Kourtney Kardashian Barker
Beet juice has entered the Poosh team chat. Kourt recently told us that she drinks beet juice every day before working out, and we were intrigued. How, exactly, can beet juice help with workouts? What other beet benefits have we been sleeping on? Here’s what we found out about this root-vegetable juice.
Helps boost energy during your workout
Yep, it’s kind of like nature’s (no-caffeine) pre-workout. A small 2012 study found that drinking beet juice helped improve participants’ stamina and physical performance during workouts. Researchers also found that the muscles of people who drank beet juice used energy more efficiently during exercise.
Beet juice also contains a lot of natural compounds called nitrates. You’ve probably heard about them before as something to avoid—this is true when it comes to processed meats. But the nitrates in beets are super beneficial. Our body converts them into nitric oxide, which increases blood flow so nutrients like oxygen get where they need to go more quickly.
Good for your <3
Beet juice also benefits our heart and helps lower blood pressure.
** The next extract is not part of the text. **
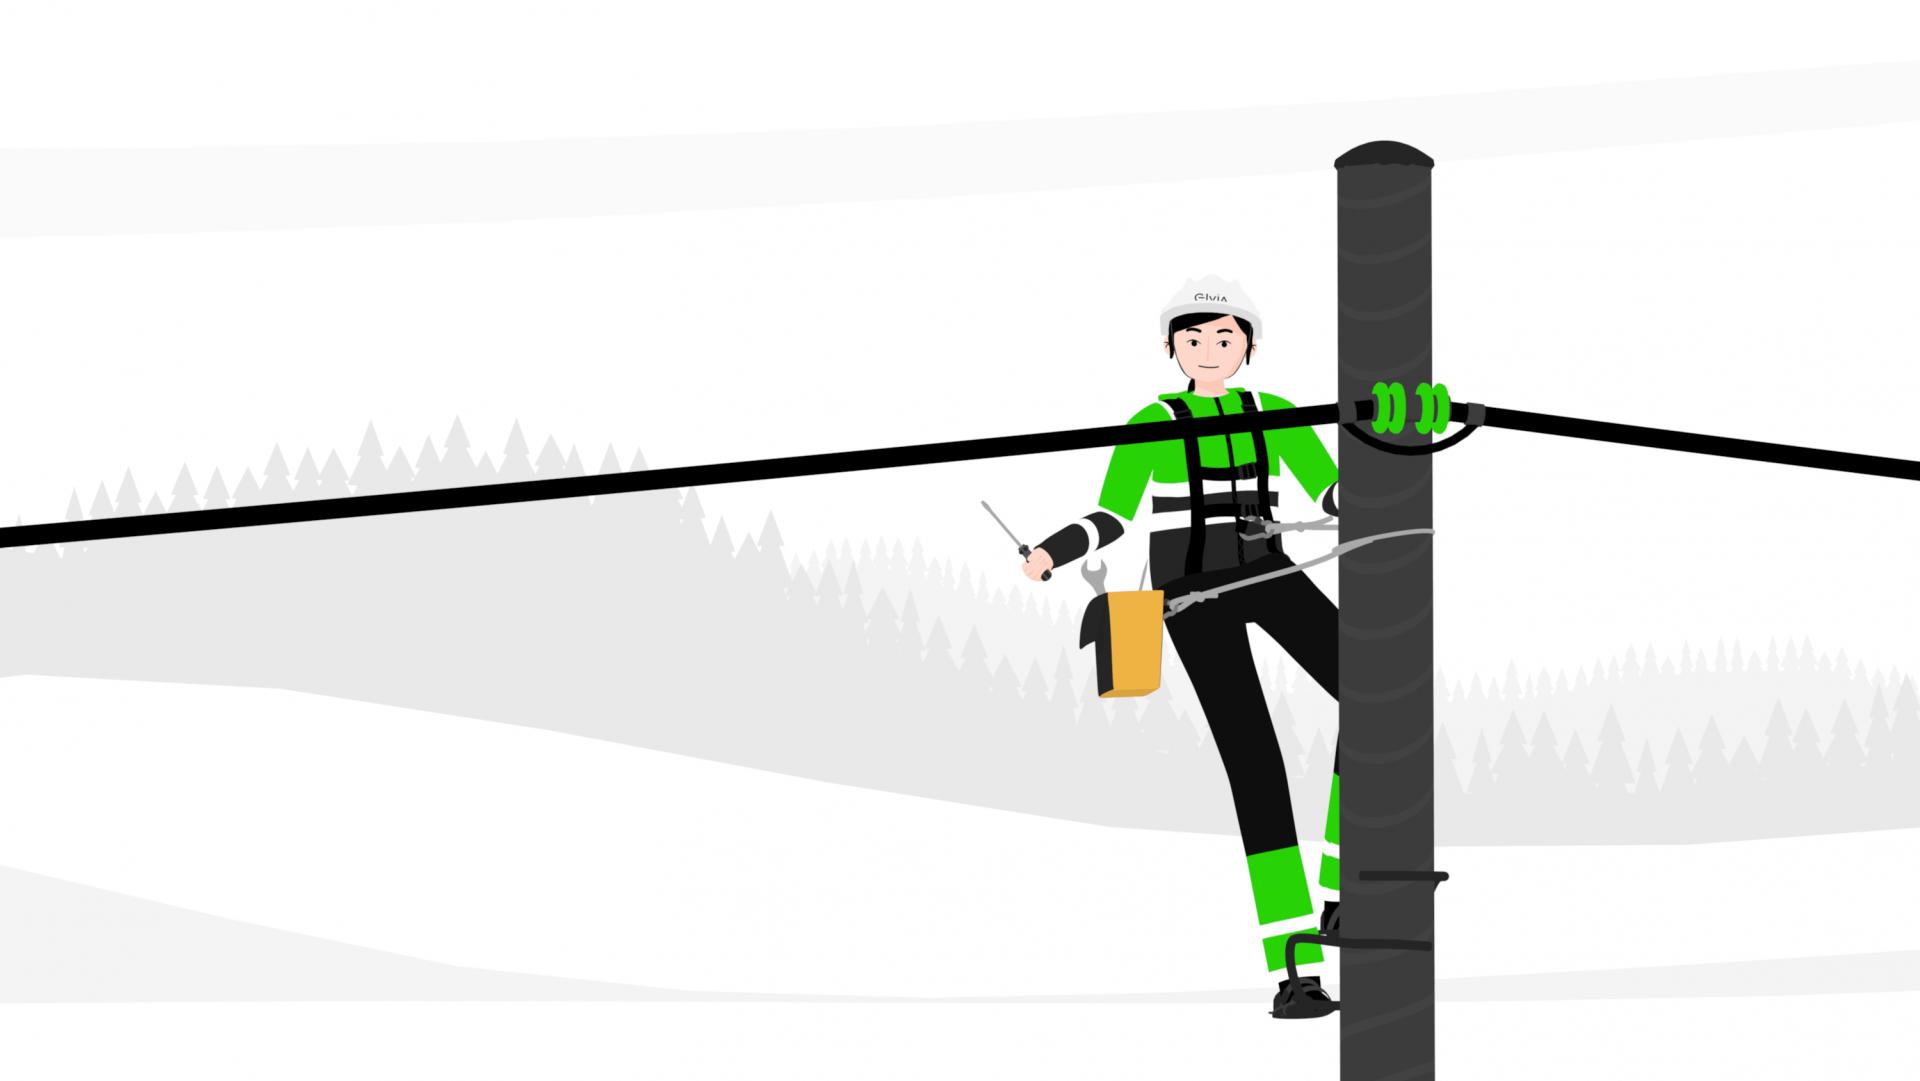 Elva arbeider med sikkerhetsutstyr oppe i en mast snakker til kamera animasjon hero 4k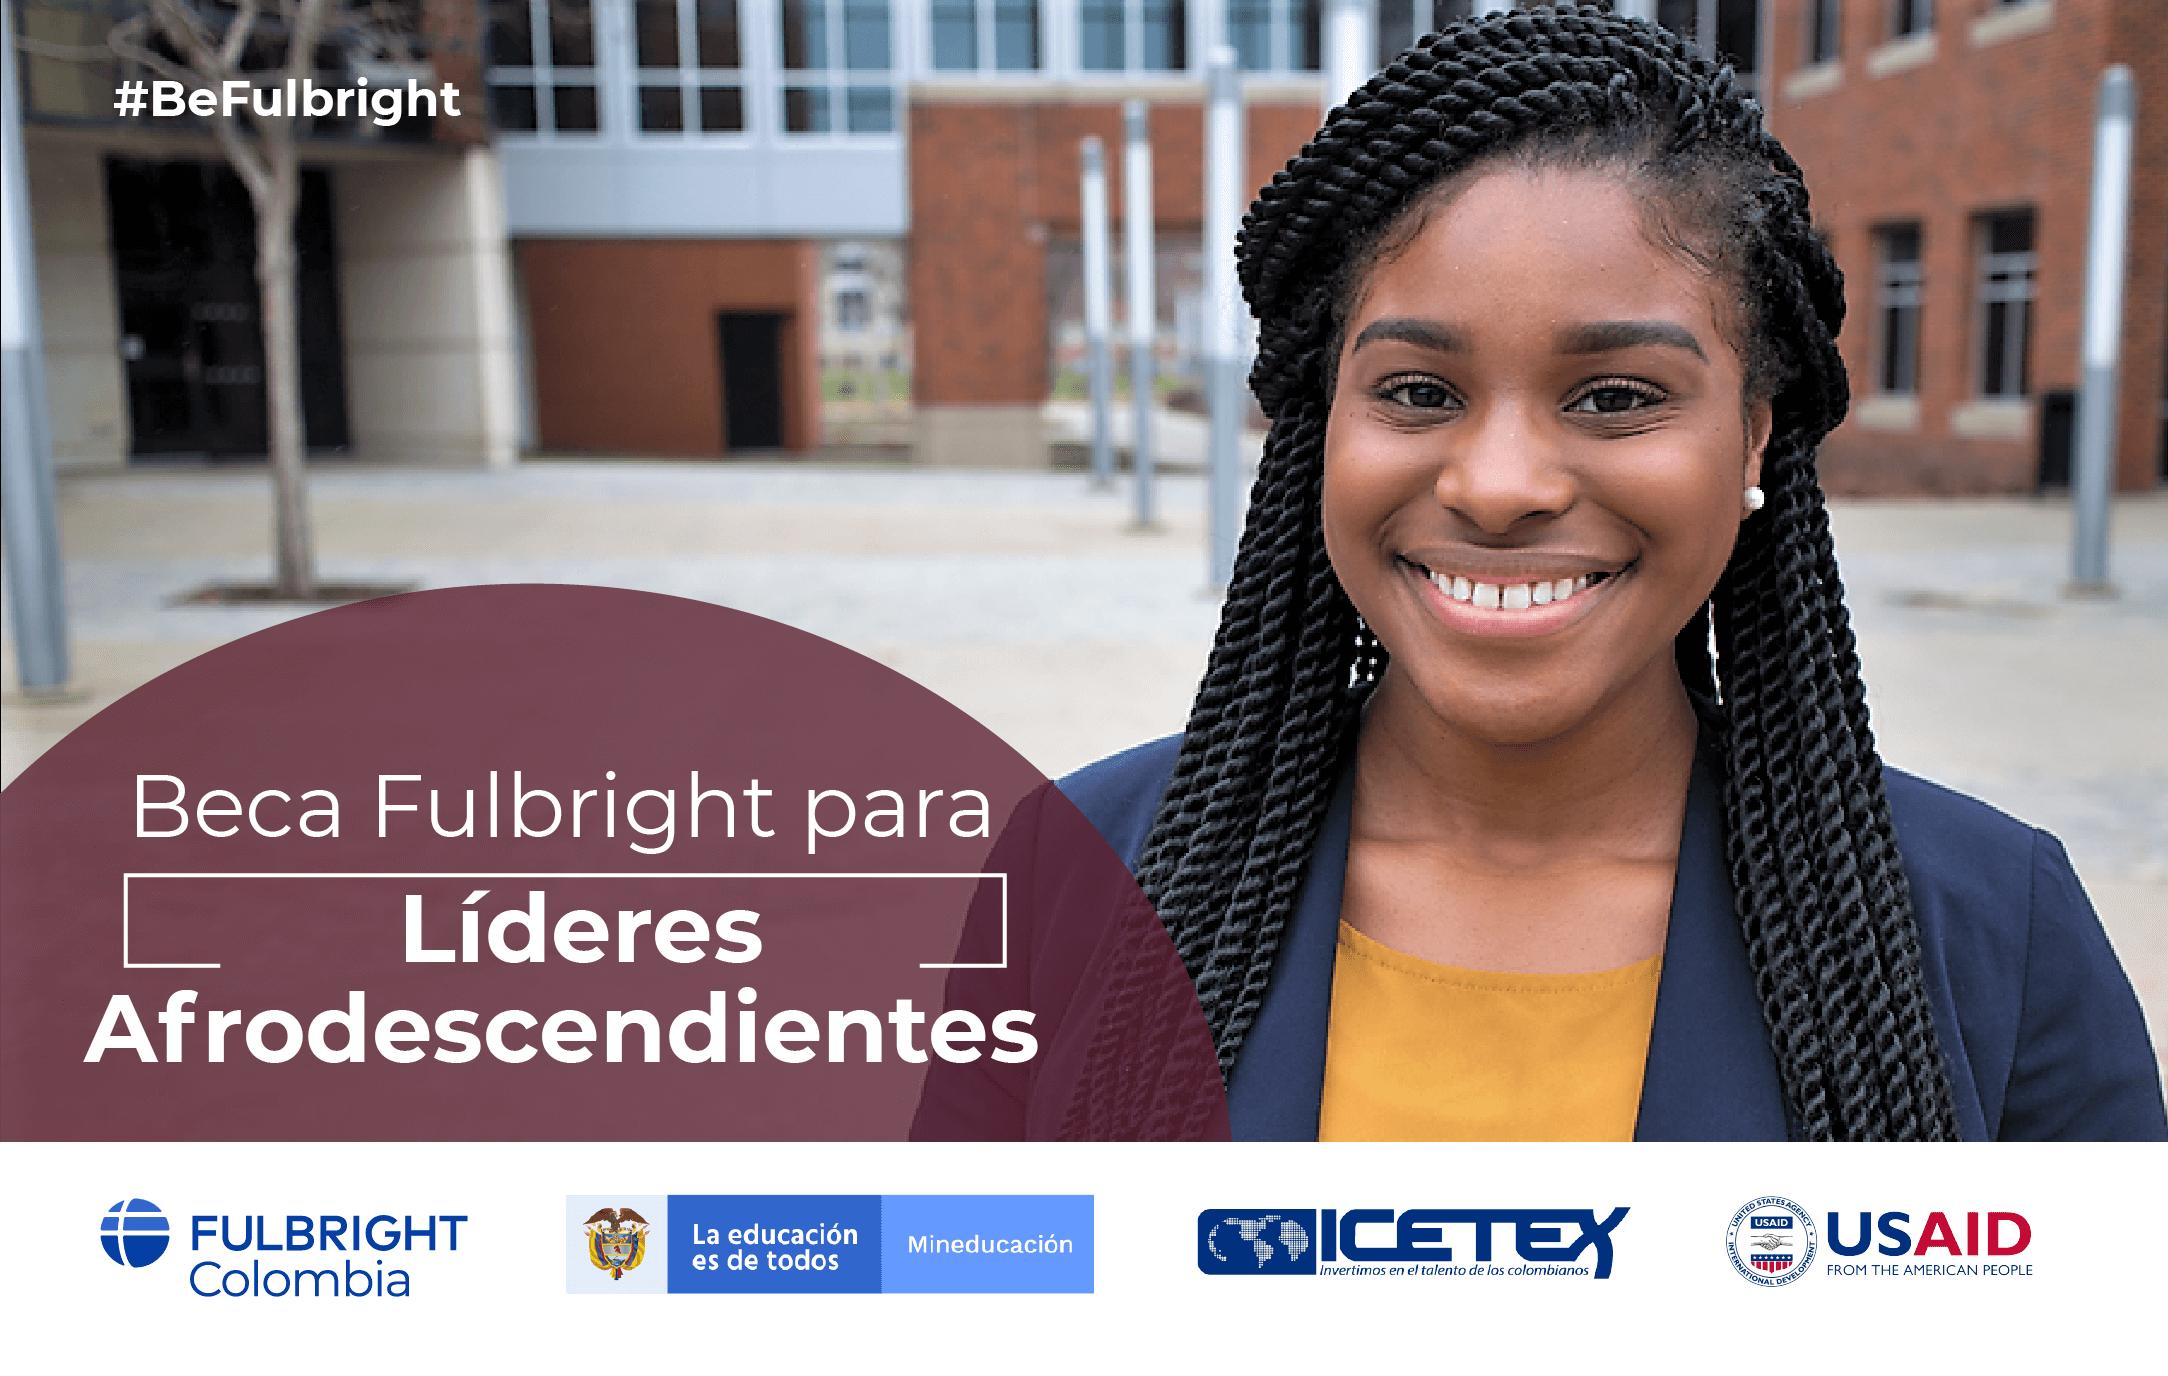 Beca Fulbright para líderes afrodescendientes 2020

Researchers believe this is because the nitric oxide we make from the nitrates helps dilate and relax our blood vessels. And beet juice actually contains more nitrates than cooked beets, as heating them can diminish some of their nutrients.
Ahh, inflammation. We know that chronic inflammation = bad (here’s a refresher, if you need one), and antioxidants can help reduce inflammation. Beets contain a lot of antioxidants, but betalains in particular stand out. These water-soluble—meaning, our body doesn’t need fat to absorb them—antioxidants are badasses when it comes to fighting off free radicals. (They’re also the pigment that gives beets their color.)
Helps protect the liver
Studies suggest that betaine, a compound in beets, may help protect the liver from fatty deposits and toxins. It also may help the liver work more efficiently.